You’ll have heard of the Illuminati through the extensive conspiracy theories that Beyonce and Jay-Z are members of the organization, a secret society founded in 1776 in Bavaria. These days the Illuminati claims—and there is absolutely zero evidence that such an organization even exists, despite their very official looking website—to be a group of world leaders, celebrities, and artists, that have come together to “further the prosperity of the human species.”

Yeah, sounds pretty far-fetched. Even more unlikely? That the Australian-ish steak chain is part of a grand conspiracy perpetrated by the as-yet-unverified group to control the world (wouldn't they go with Olive Garden? People love Olive Garden). But once the Internet grabs a hold of a notion, even one as outlandish as this, it’s hard to get it to let go.

The fervor began when a Twitter user connected the locations of Outback Steakhouses Arizona, Georgia, and Illinois, as well as several other states, to creating a star shape, otherwise known as a pentagram (admittedly, a strange coincidence). The shape has some associations with witchcraft, although it has its origins in ancient Greece. But even the appearance of the pentagram set Twitter ablaze with suggestions of Satanic worship.

To get to the bottom of the rumors, the Daily Dot went straight to the source, asking Outback Steakhouse to either confirm or deny conspiracy theories that the restaurant is a front for Satanic cult or a meeting place for the Illumnati.

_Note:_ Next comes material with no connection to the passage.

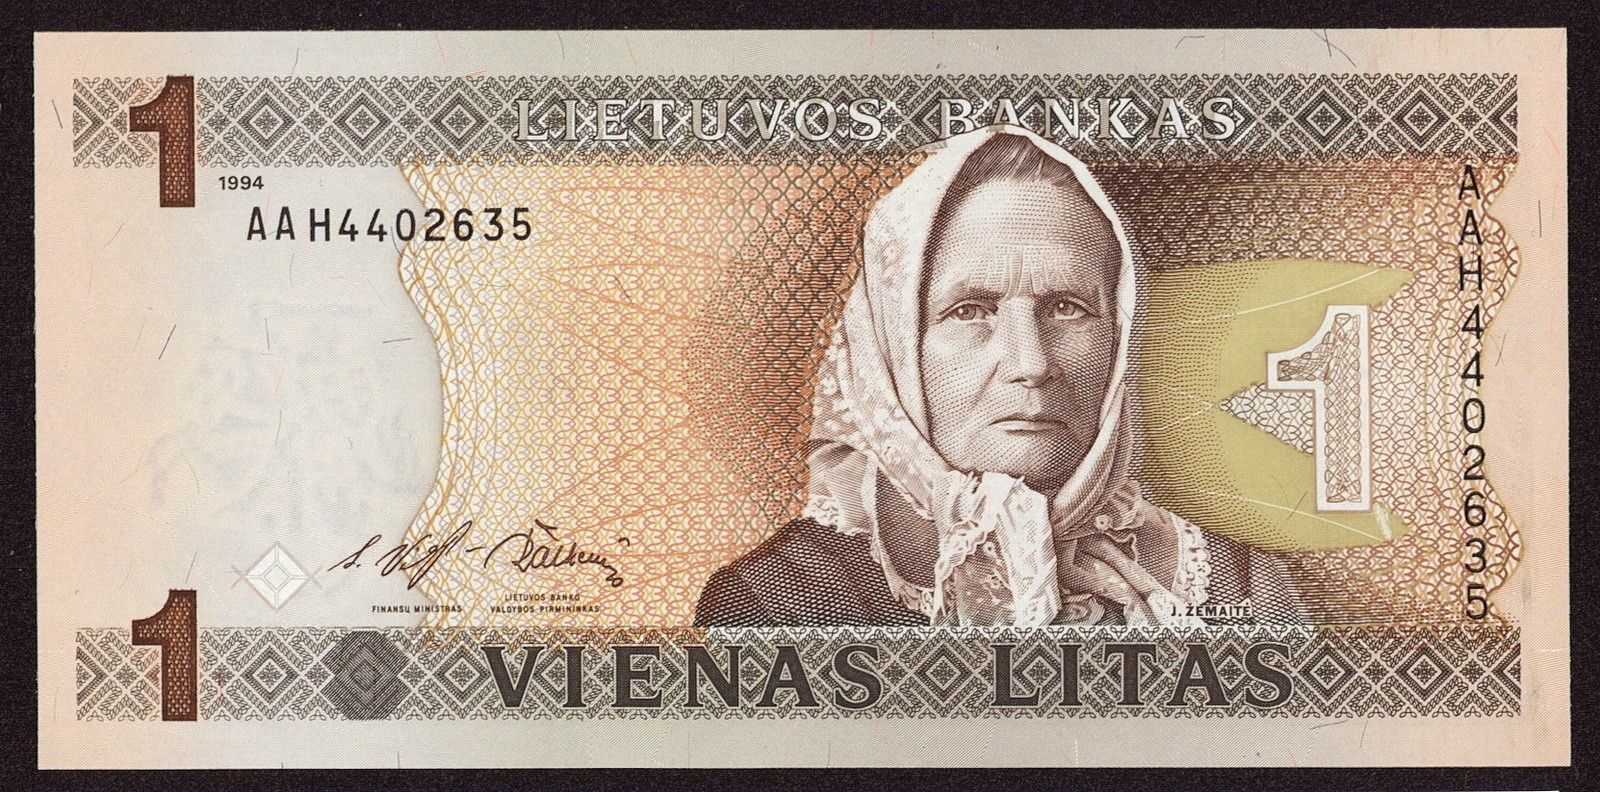 Banknotes of Lithuania 1 Litas banknote 1994 Julija Zemaite
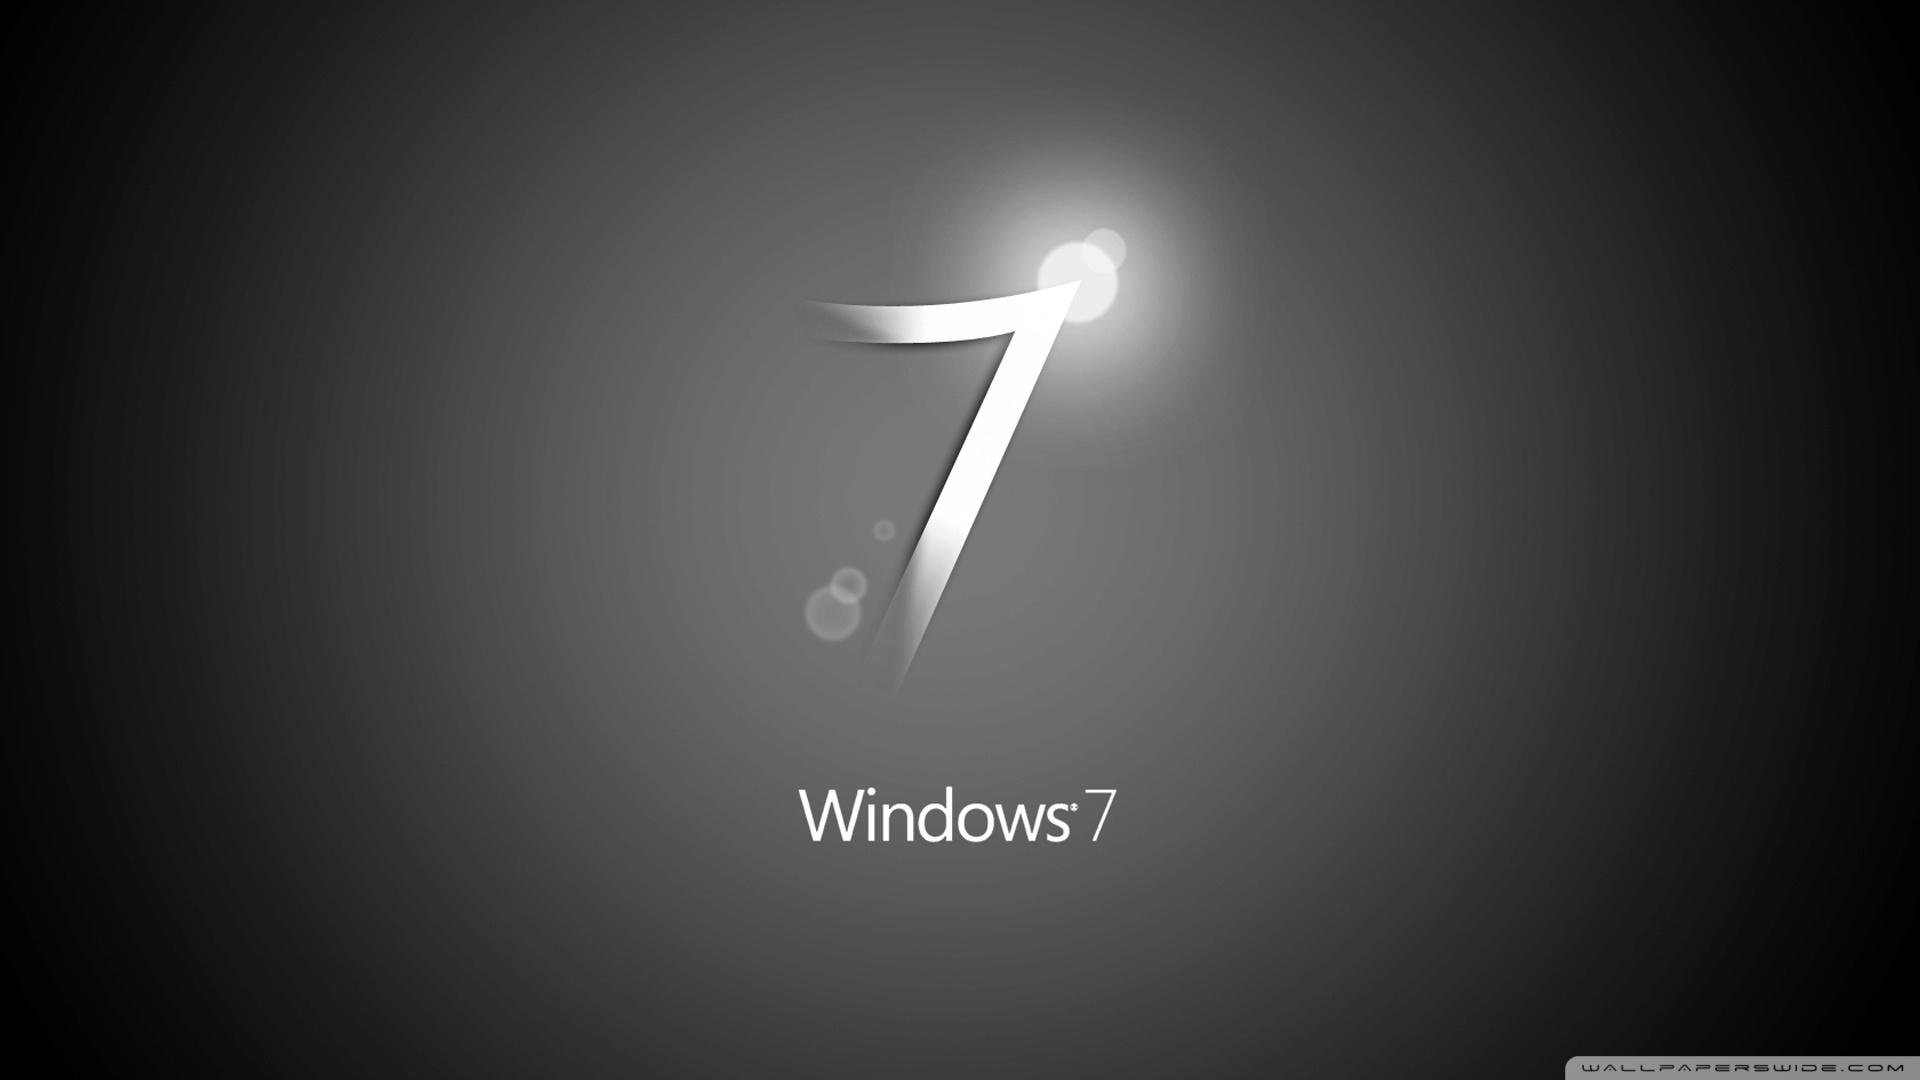 Image Details Source Wallpaperswide Title Windows 7 Black 4k Hd Desktop Wallpaper For Ultra Tv O Wide Dimension 1920 X 1080

Do they have plans to take over the world with a giant Bloomin’ Onion?

“No plans, other than to bring bold steaks and Bloomin’ Onions to our guests!” the chain said in a statement, which does precisely nothing to clear up rumors they’re members of a shadowy league of villainous steak enthusiasts bent on world domination. Either that, or this is just a really, really great marketing campaign. Lets hope—for the sake of humanity—that it’s the latter.